Steve Miller, chief clinical officer at Cigna, noted that there's historically been a cultural difference between the United States and other countries on drug prices. "This is America not wanting to put a value on the price of life," Miller said.
Some drugmakers argue that QALYs don't take into account the novelty of new medicines or their effect on the lives of caregivers along with patients. They also argue that the values used in QALY calculations are arbitrary.
However, Michael Sherman, CMO at Harvard Pilgrim Health Care, said he welcomes the use of QALYs. "We are [already] putting a price on a year of life," he said. "We just let the pharmaceutical companies choose it."
ICER for its part has found QALY to be an effective way to lower drug prices in the United States, Roland reports.

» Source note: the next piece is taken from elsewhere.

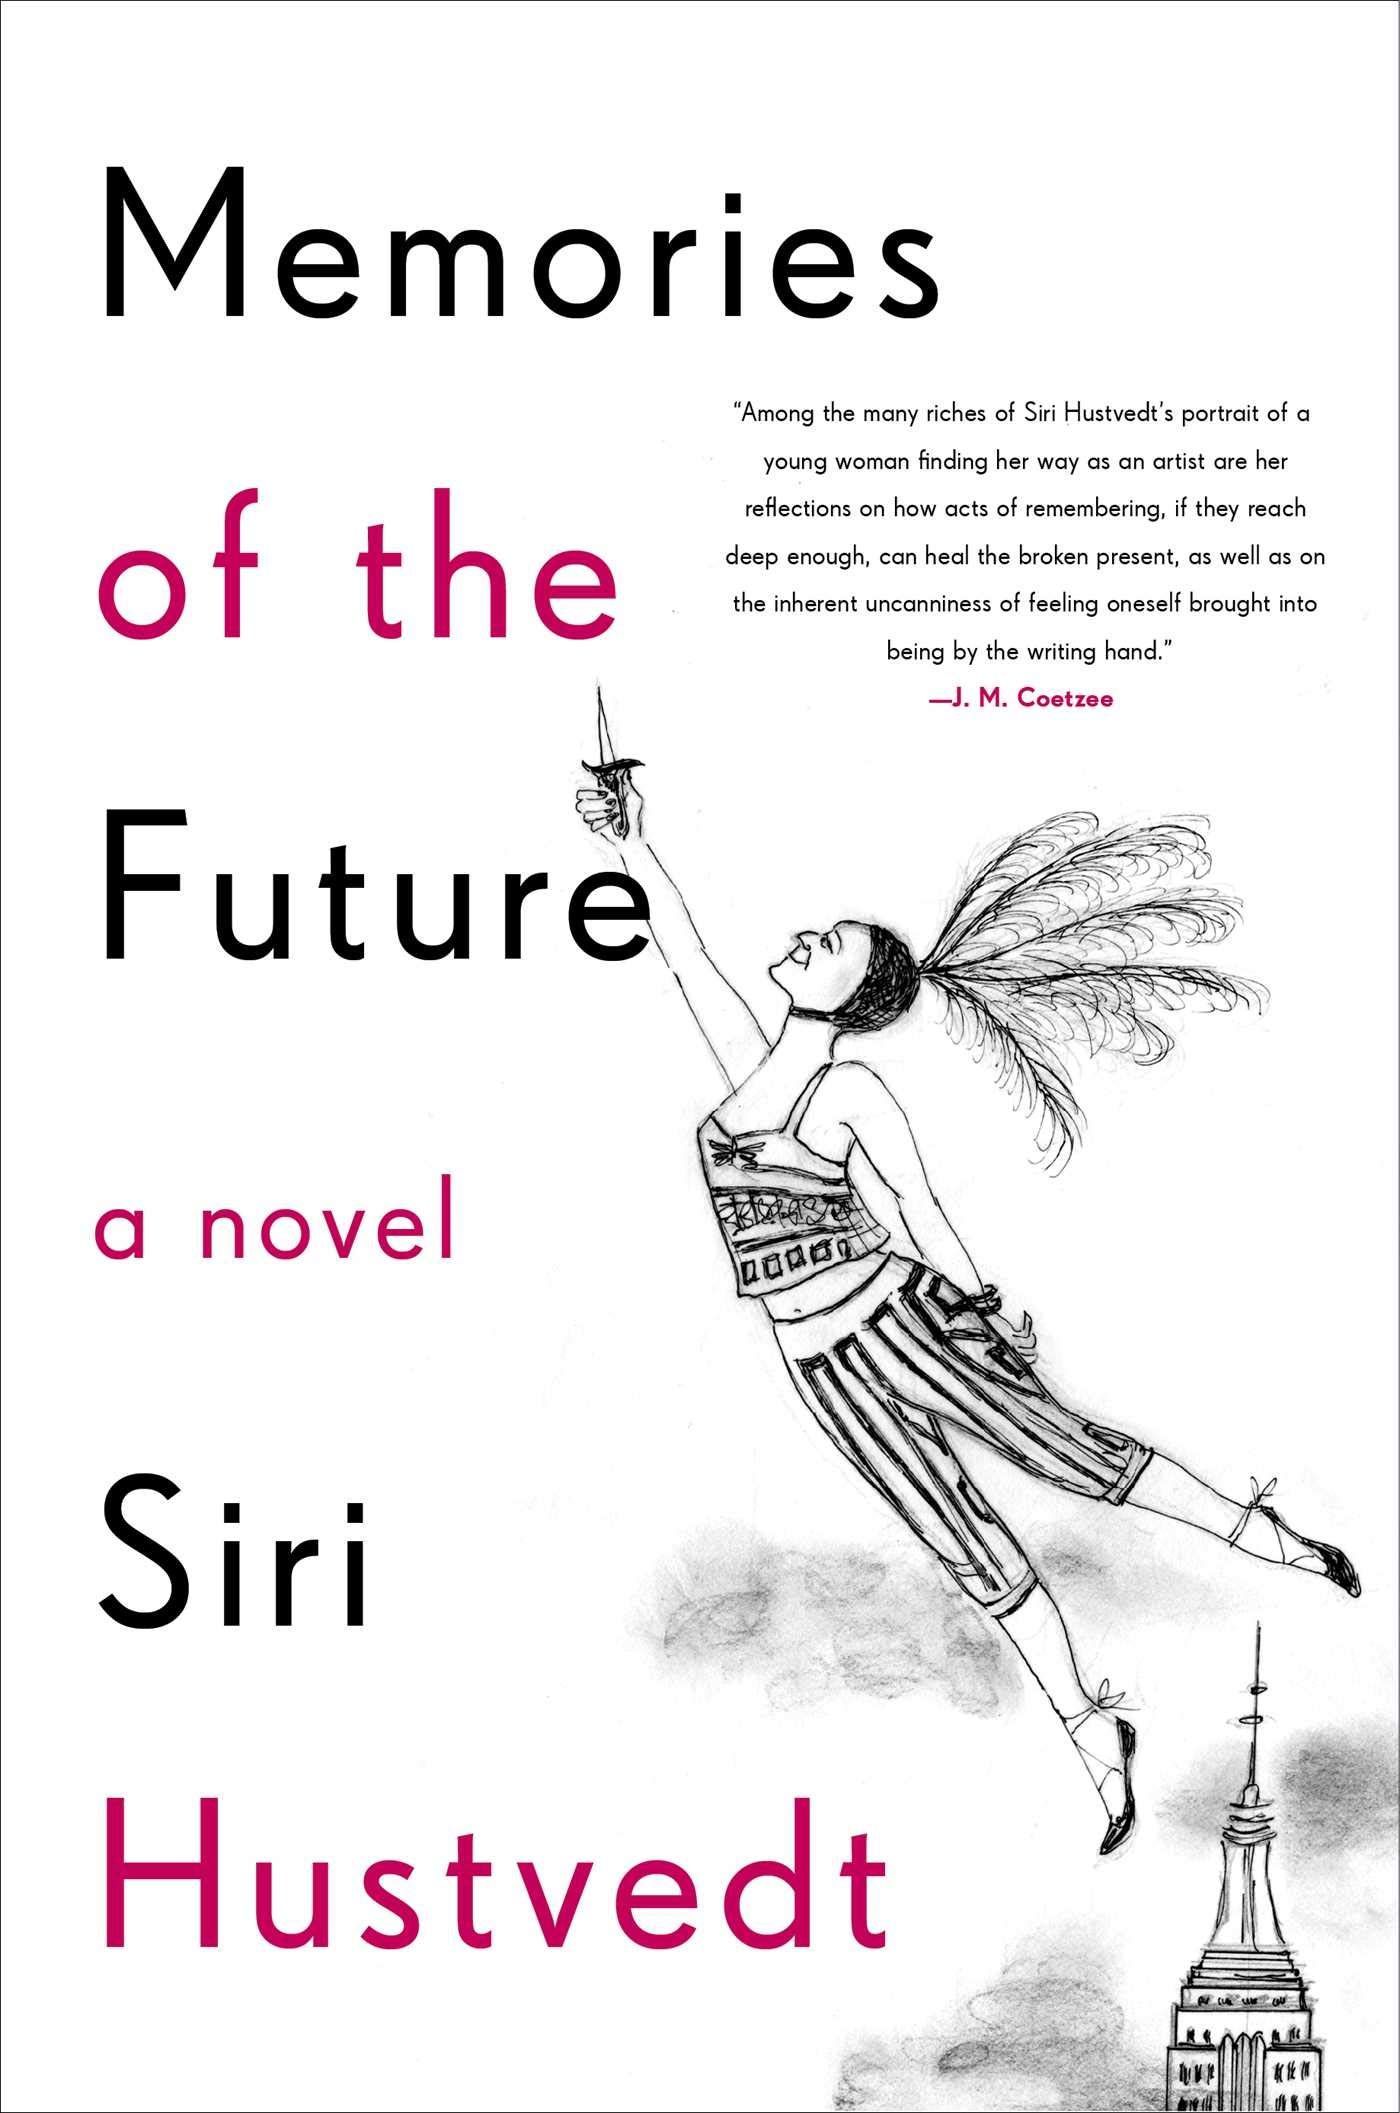 The Many Explanations: On Siri Hustvedt’s “Memories of the Future”

A spokesperson for ICER said that, before each report, the organization works with manufacturers, patient advocacy groups, and providers, and seeks public comment and shares its economic models with drugmakers. The spokesperson added that the reports do eventually appear in peer-reviewed journals.
According to Roland, while many insurance pharmaceutical companies continue to pan the QALY approach, others are beginning to integrate the approach into their practices and relying on the ICER reports for price comparisons.
For example, Switzerland-based Novartis AG set the price of its gene therapy Zolgensma at a limit set by ICER. Dave Lennon, president of the unit in Novartis that makes the drug, said ICER has increased transparency in drug-price analysis.
Similarly, last year Sanofi SA, based in France, and Regeneron Pharmaceuticals, based in the United States, dropped the price of their cholesterol drug Praluent to line up with ICER's recommendations. Kyle Hvidsten, head of global health economics and value assessment at Sanofi, said, "ICER's independent view of value was something we were willing to align with"
Pharmacy benefit manager CVS Caremark has also started offering self-insured employers a list of medicines that exclude drugs with a per-QALY cost of more than $100,000 unless the drugs are considered to be breakthroughs, Roland reports.
Troy Brennan, CMO for CVS Health, said, "People are finding the QALY concept to be more and more acceptable" (Roland, Wall Street Journal, 11/4).